In most regions of the world, even with government policy support, a small fraction, less than 10%, of existing lighting installations use SSL products. For example, Strategies Unlimited estimates that in 2014, light-emitting diode (LED)-based lamps comprised just 5% of unit sales and achieved 3% penetration of the installed base [1]. Nevertheless, they forecast dramatic growth in this market such that by 2020 LED- based lamps would comprise 42% of unit sales and represent 33% of the installed base. Other forecasts also anticipate extraordinary growth over the next 5 to 10 years. By any measure these are dramatic growth projections and present significant challenges for the industry. These challenges include further efficiency improvement, continued price reduction, manufacturing scale-up, and the integration of new value and features that can accelerate adoption and provide further energy savings. Addressing these challenges also offers the U.S. the opportunity to secure a dominant role in the technology and manufacturing of these products.
In the U.S., LED lighting is forecasted to account for the majority of installations by 2030, representing 88% of the lumen-hours being generated by general illumination [2]. The high efficacy of SSL sources is a critical factor in the drive for higher adoption. LED lighting is already as efficient, or more efficient, than most incumbent technologies, but there is plenty more to come. Using fairly conservative projections for performance improvements, the Department of Energy (DOE) has determined that by 2030, LED technology can potentially save 261 terawatt-hours (TWh) annually, a 40% reduction of the site electricity consumption forecasted for a counter-factual “no-LED”
scenario. Assuming the more aggressive projections, outlined in this report, can be realized through continuing investment in Research and Development (R&D), the total annual savings would increase to 395 TWh by 2030, a 60% reduction of the site electricity consumption [2]. This electricity savings corresponds to about 4.5 quads of primary source energy, which is nearly twice the projected electricity generation of wind power and twenty times that of solar power in 2030. At an average
commercial price of $0.10/kilowatt-hour, this would correspond to an annual dollar savings of about $40 billion [2]. However, in order to reach the performance levels assumed in this analysis, substantial improvements to efficacy and pricing are necessary. This underscores the importance of SSL and SSL R&D in any discussion of energy policy, due to its unprecedented opportunity to reduce energy consumption, thereby improving domestic energy security, and reducing greenhouse gas emissions.

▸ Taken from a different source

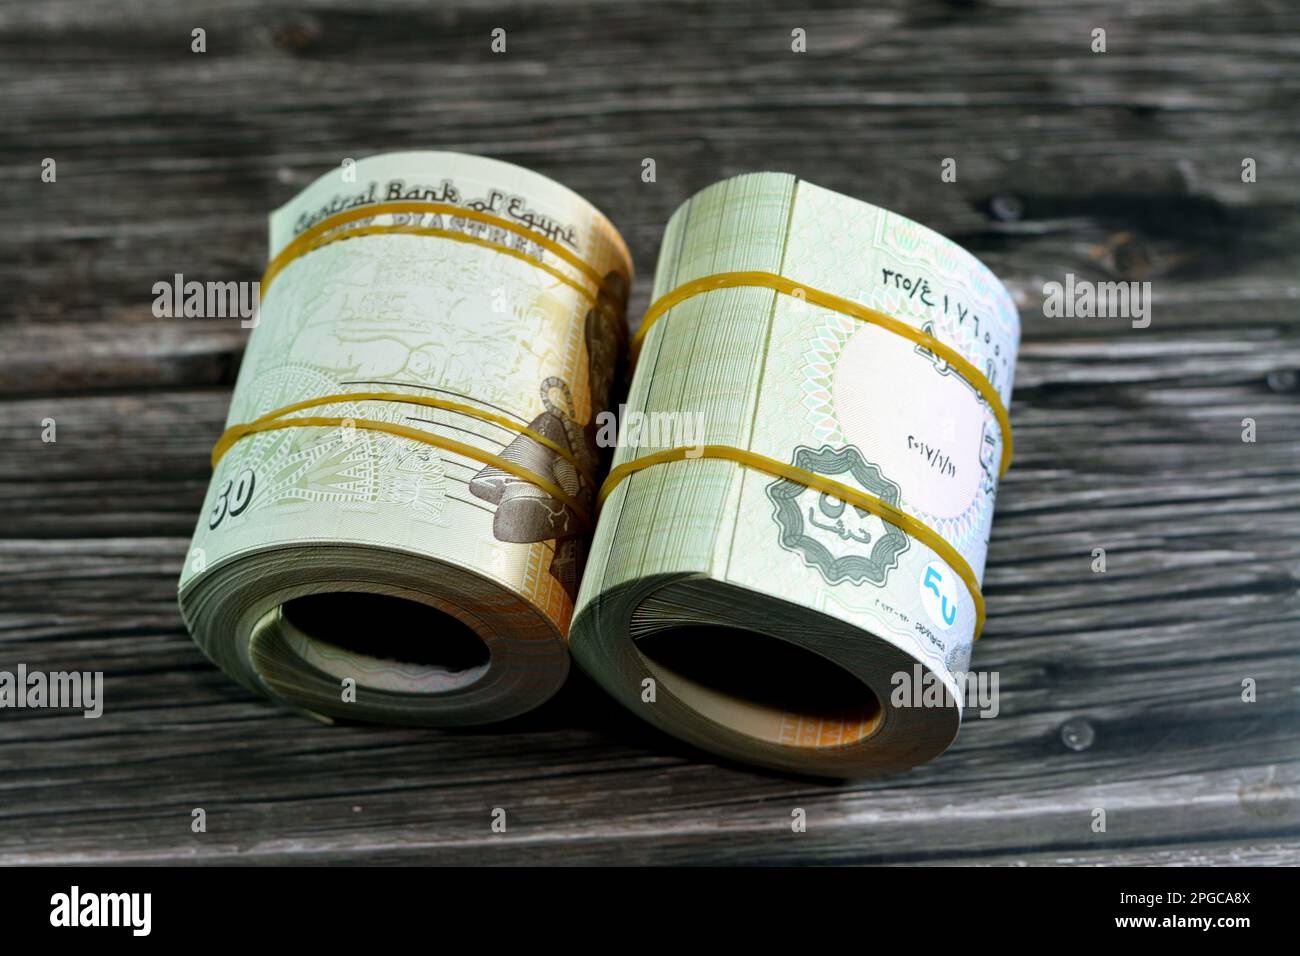 50 piasters metà EGP LE egiziane sterline banconote in denaro arrotolato con fasce di gomma con un'immagine della moschea di al Azhar e Ramesses II il secondo 2nd, ad esempio Foto Stock
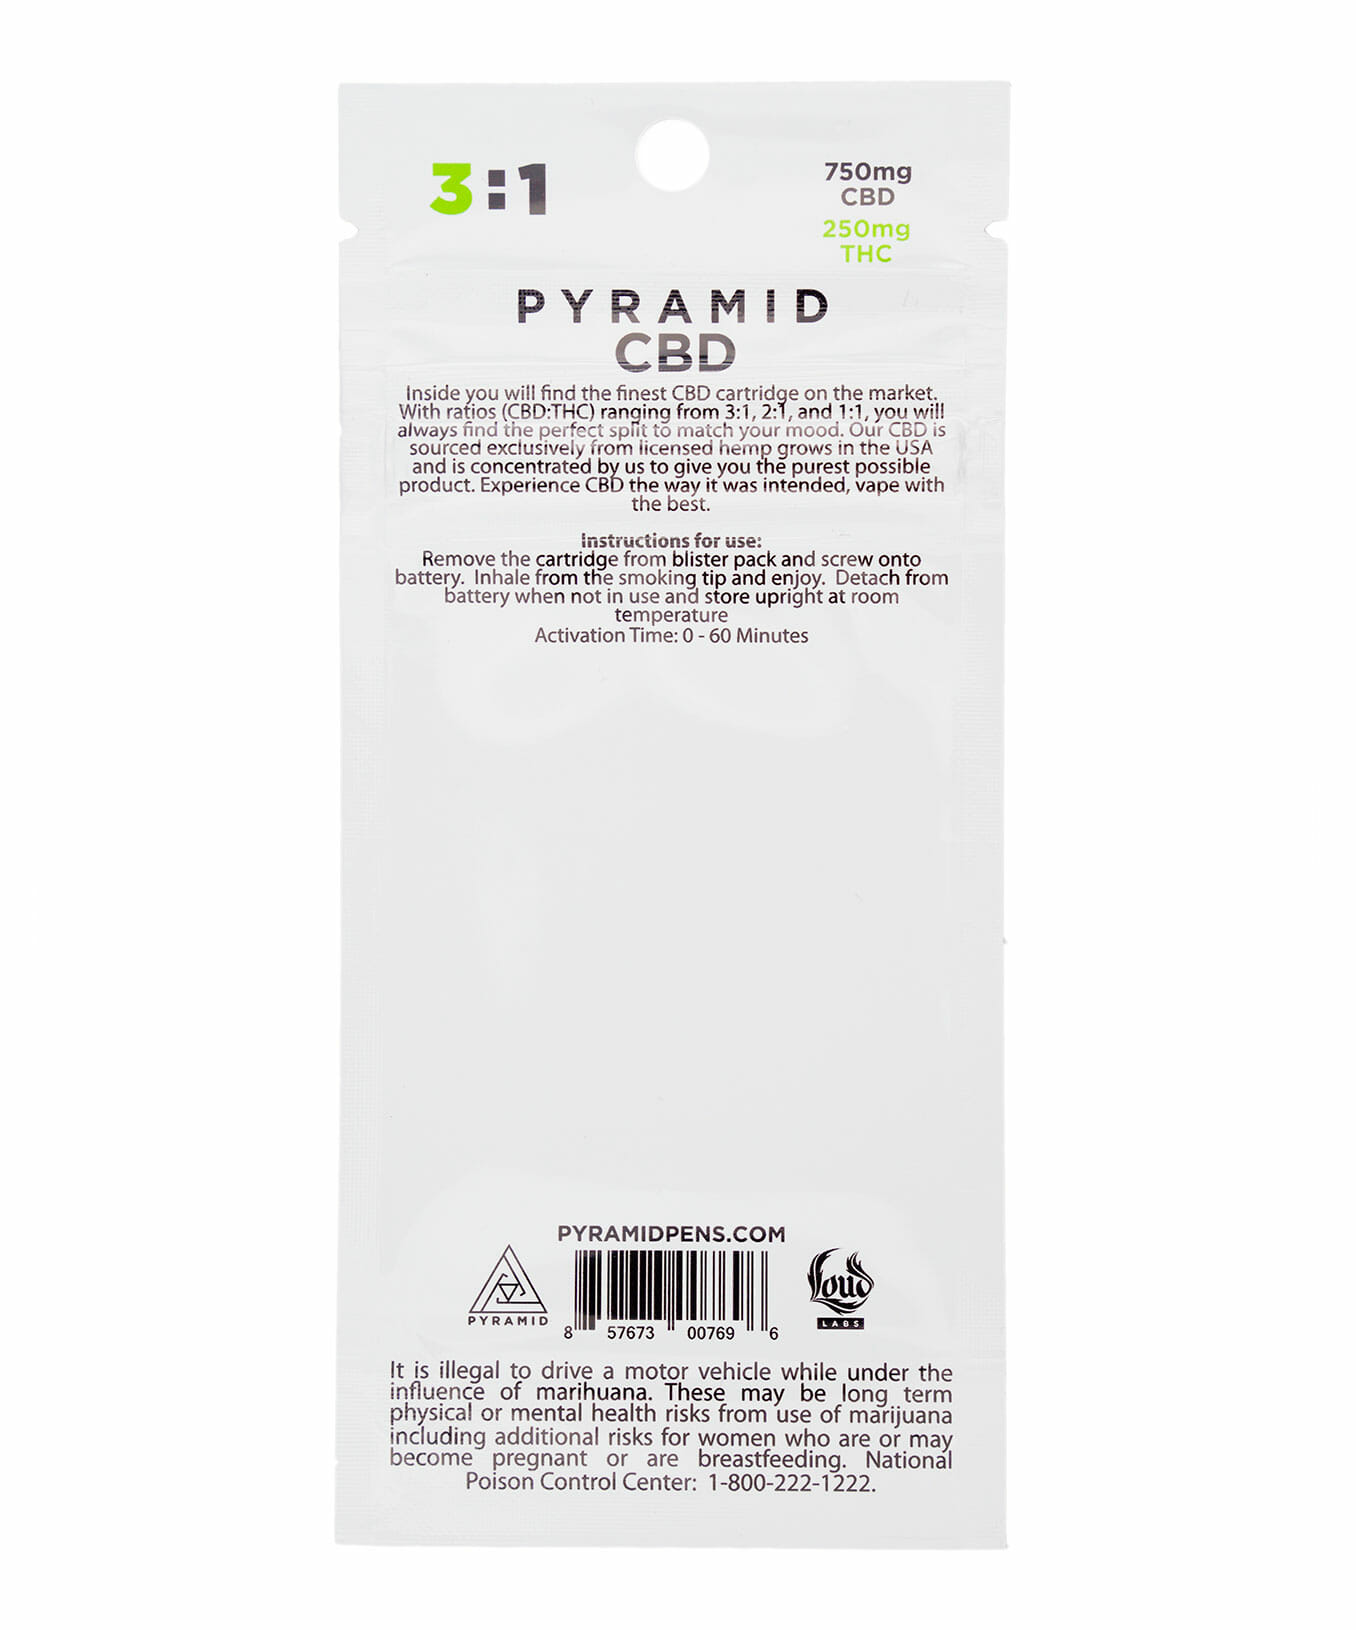 3:1 Pyramid CBD/THC cartridge

The DOE has set some tough targets and fashioned its program to remove technology barriers and accelerate adoption. DOE support is essential to achieving the 200 lumens per watt (lm/W) luminaire efficacy program goal by 2020, reducing SSL manufacturing costs, and realizing huge energy savings. To achieve these goals and maintain the pace of development of the underlying LED and organic light- emitting diode (OLED) device technologies, the DOE advocates continuous focus on R&D. It is already apparent that improvements in LED package efficacy are becoming harder to achieve, and R&D is required to address fundamental technological barriers such as current efficiency droop and the need to develop new high efficiency, narrow line-width down-converter materials.
Still, SSL offers so much more than just improved efficacy. It represents a huge opportunity to improve the performance and value of lighting through enhanced controllability, new functionality, and novel form factors. SSL sources are inherently dimmable and instantaneously controllable; they can be readily integrated with sensor and control systems, thus enabling further energy savings through the use of occupancy sensing, daylight harvesting, and local control of light levels. SSL is at the heart of recent innovation in the lighting industry with respect to smart, connected, intelligent, and adaptive lighting. New functionality within the lighting system can create added value by providing optimal lighting for the occupants and the tasks being performed through real-time controls, programmed sensor-driven responses, or learning algorithms. The high speed modulation capability of semiconductor light sources has introduced new opportunities in the area of visible light communications, such as Li-Fi and indoor positioning capabilities. SSL offers the prospect of full color control over the light spectrum and will enable precise control over the delivery of light to reduce glare, reduce stray light, and optimize useful light. Control over the light spectrum is creating new opportunities in areas as diverse as horticulture and human health.
Understandably, most LED lighting technology to date has been engineered to address the near term market opportunities in the form of replacement lamps and retrofit luminaires. With an estimated 40 billion sockets in the world, these form factors clearly represent an enormous market and energy savings opportunity, but moving beyond these form factors will expand the concept of lighting and create entirely new lighting paradigms. Similarly, OLEDs offer a whole new approach to lighting based on their low illuminance, thin profile, and potential for surface shaping.